After ARS pulled out of Palmer in the late 1960s, Michaelson’s family moved to Arizona, but he spent summers with his grandparents, working on the farm grounds crew and with agronomist Bill Mitchell on research related to the revegetation of roads developed for early North Slope oil exploration. After graduating from college in 1975, he worked as a lab technician at the Plant and Soil Analysis Laboratory for four years before going to graduate school in Iowa. While working on his master’s degree, he spentsummers at the lab and returned to the farm full-time in 1982 as a researcher for the High Latitude Soils Program.
On May 12, the university will recognize Michaelson for 35 years of service, but if you add in the earlier years, he has worked at the farm well over 40 years. He will retire from the university May 31.
|David Weindorf, left, and Gary Michaelson take a core sample.|
He earned a bachelor’s degree in agricultural chemistry and soils from University of Arizona and a master’s degree in soil fertility from Iowa State University. For his master’s project, he studied the effects of nitrogen, phosphorus and potassium on barley and bromegrass grown on a newly cleared Delta Agricultural Project tract.
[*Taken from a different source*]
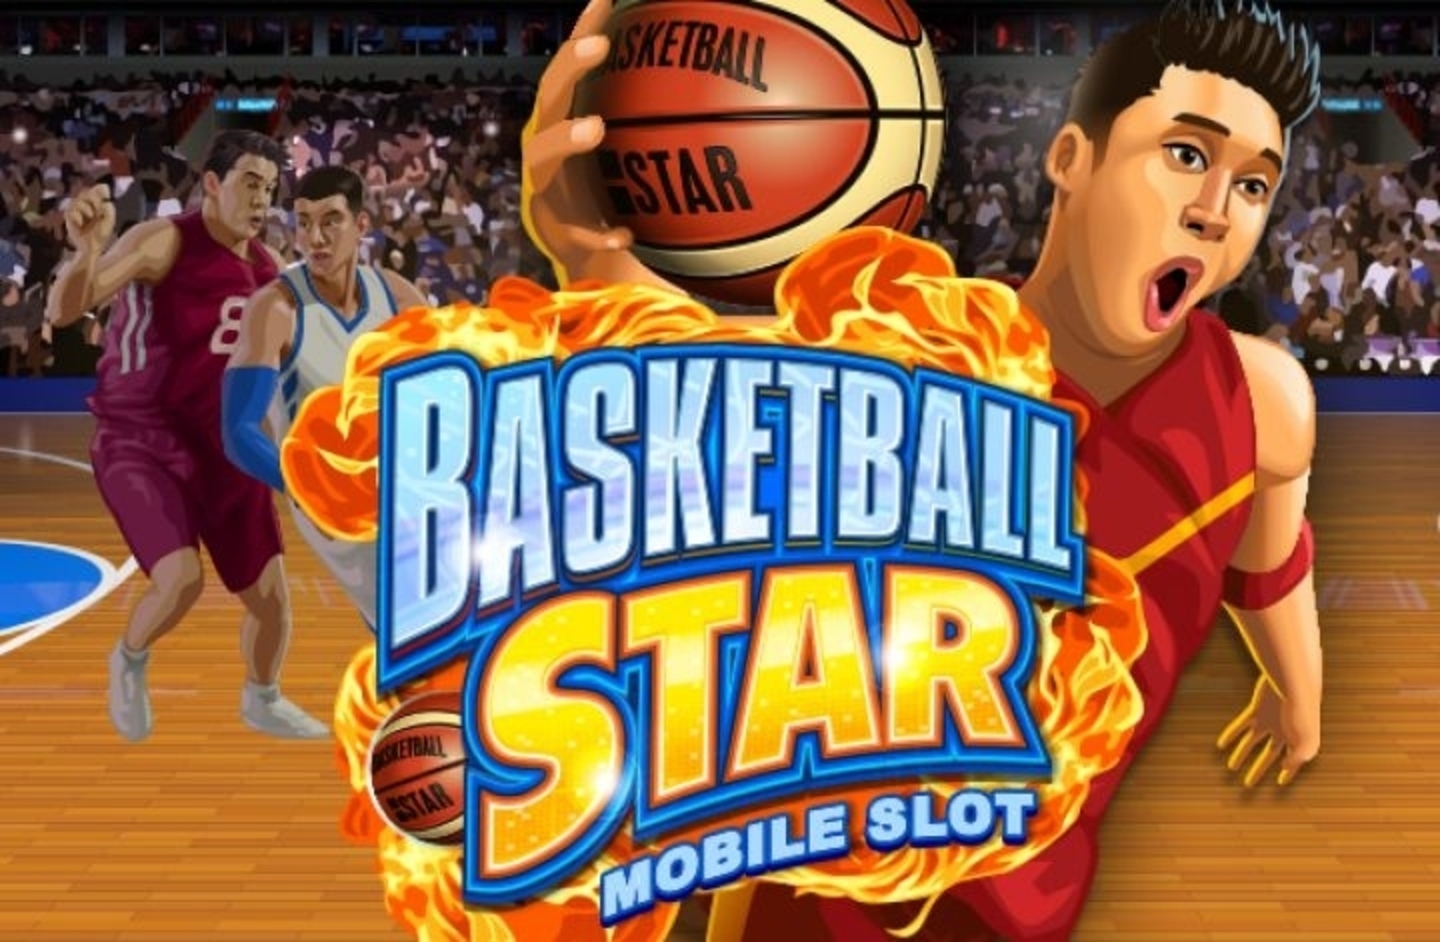 Basketball Star demo

When he went left for graduate school, the land in Delta was just being cleared.
Michaelson values his 30-year collaboration with soils Professor Chien-Lu Ping, who retired last December. “We worked together on everything, he said. “My strength was the lab and his was the field.”
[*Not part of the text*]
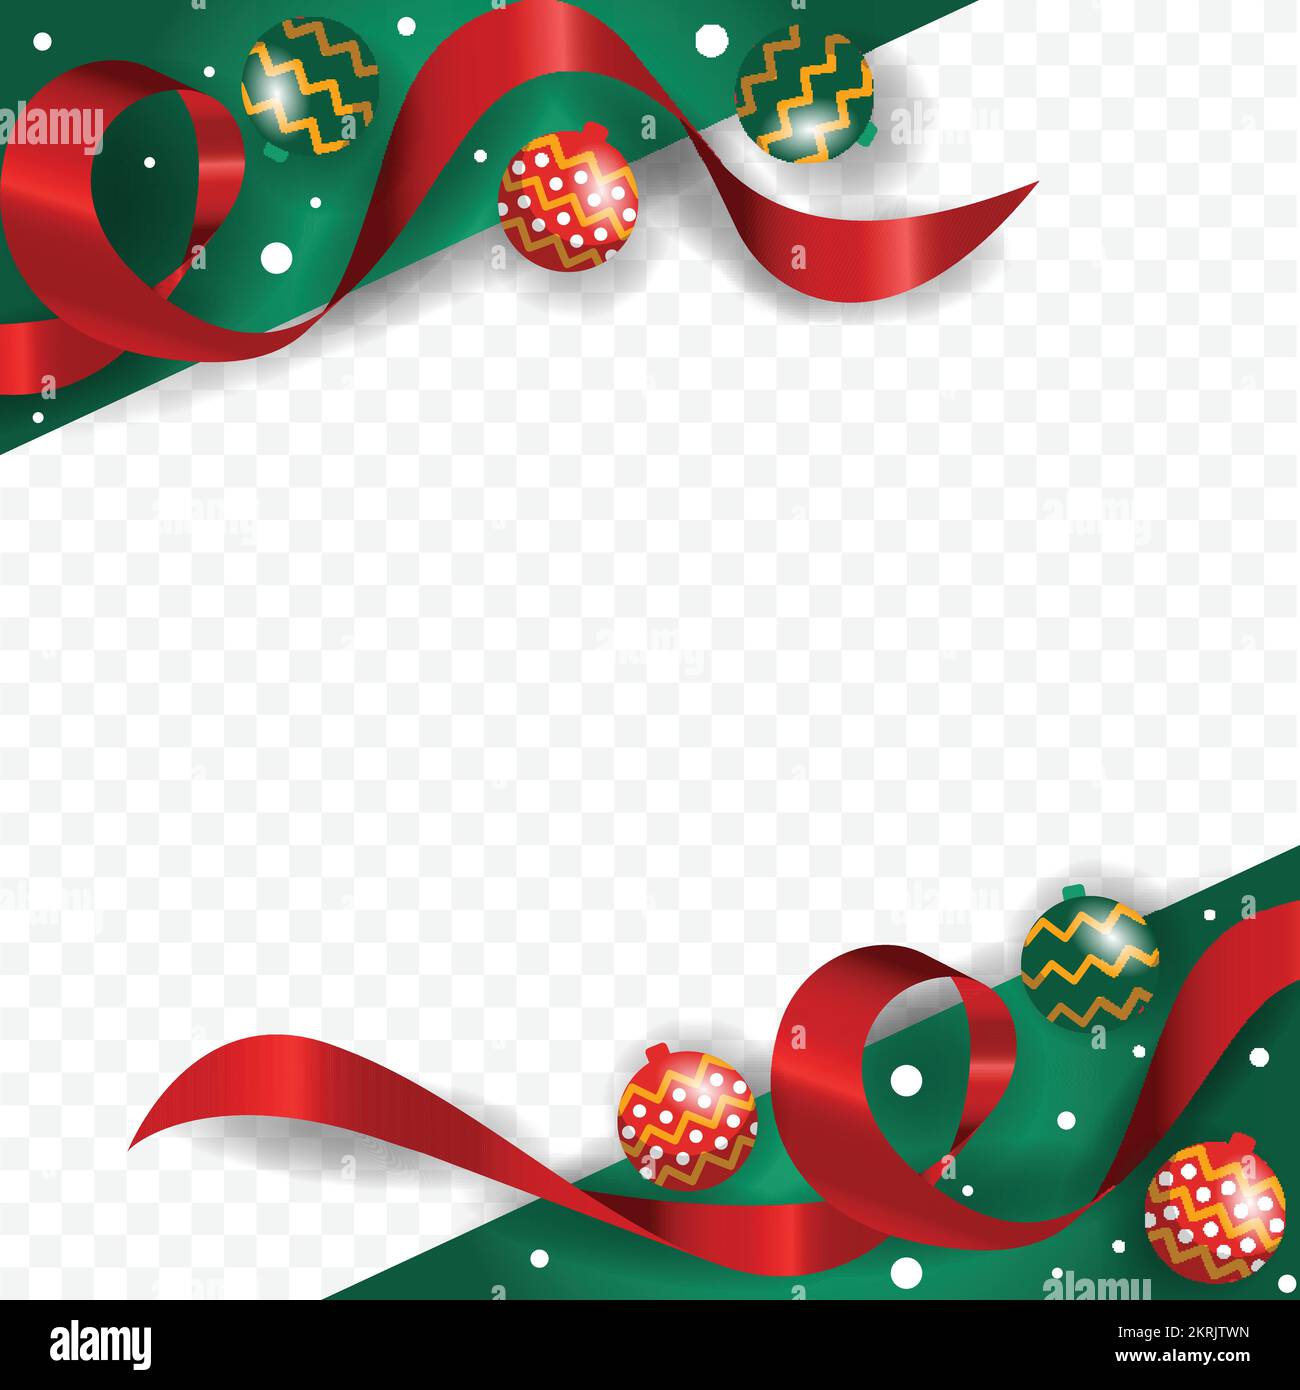 Joyeux Noël fond vert frais espace vide Design Illustration de Vecteur

They worked together in the field over the summers and he worked in the lab during the winters analyzing the soil samples and data. Over the years, he has worked on a variety of soils projects, studying the properties of volcanic soil, the soil fertility for the Delta and Point MacKenzie agricultural projects, carbon storage in arctic and subarctic soils, carbon flux in arctic soils and the properties of Interior Alaska’s black spruce soils.
Altogether, he published 17 peer-reviewed journal articles as the lead author and was listed as coauthor on twice that number.
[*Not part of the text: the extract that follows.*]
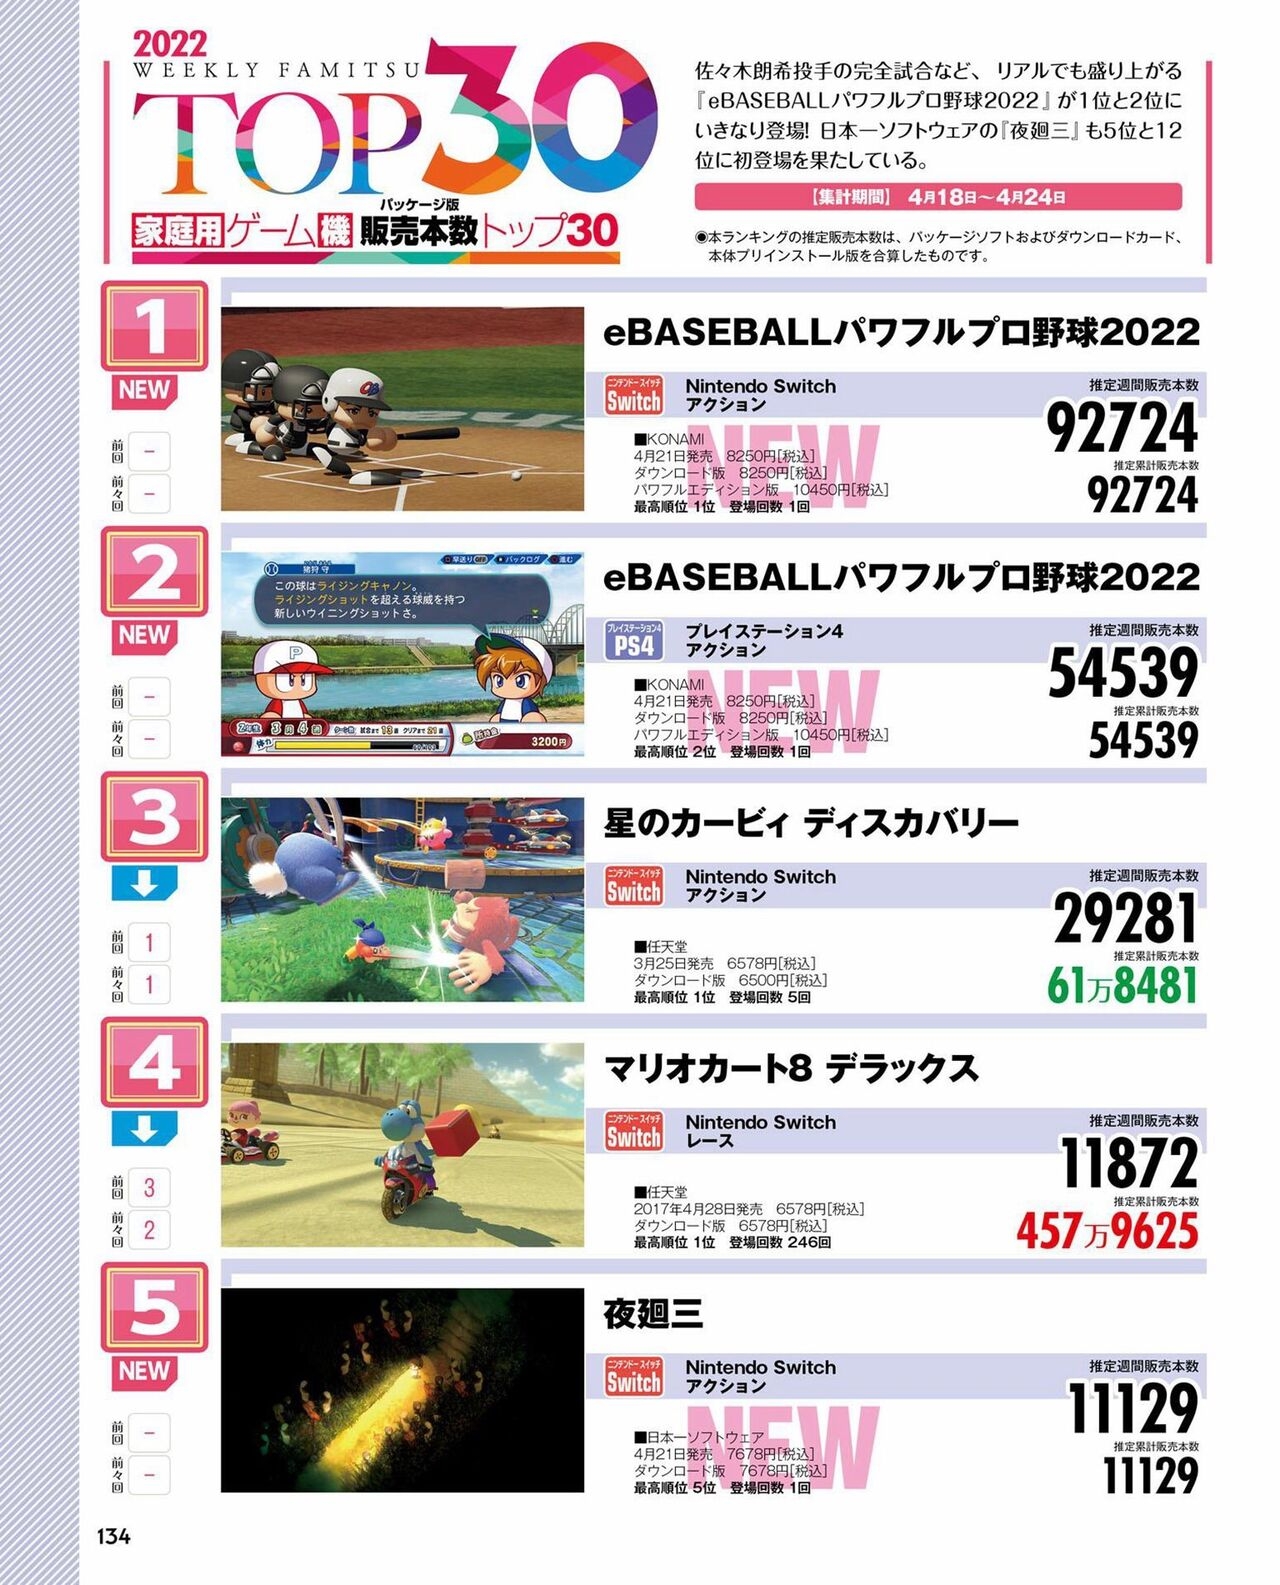 Weekly Famitsu 2022 6 2 133

Each project he worked on was different, he said. It was like getting a new job continually. “I enjoyed it all, really,” he says. Michaelson feels that together, he and Ping made a significant contribution to the USDA Natural Resources Conservation Service soils database, particularly for arctic soils. Before they started that work in the 1990s, there were only a few soil data points in the Arctic. Now there are well over 100. For each site, they dug into the permafrost, made detailed descriptions and measured soil properties, nutrients and carbon storage, sometimes participating in large interdisciplinary projects that lasted years. The database is used to develop projections on how climate change will affect the release of carbon stored in frozen soils. He said it was also satisfying that the results of their work were published so others can use their research.
Speaking from his home in Florida, Ping describes Michaelson as a dedicated and able researcher who also helped with the logistics of their work. “He was pretty indispensible in the operation,” he said. Ping notes that a 1996 journal article written by Michaelson is one of the most-cited journal articles on the subject of carbon storage and distribution in tundra soils. The paper has been cited more than 130 times in other journal articles.
Ping also notes that Michaelson worked as a technical advisor to the lab over the last 30 years. He compiled the lab manual, advised the lab tech on methodology, instrument calibration and troubleshooting. He has also helped the faculty teach the lab section of soil chemistry.
After he retires, Michaelson plans to stay in Palmer. He may continue some working on some projects with Ping, but he hopes to get out and do more things, such as traveling to Australia with his family to visit friends and family there. He also wants to do more hiking, kayaking, biking and other outdoor activities.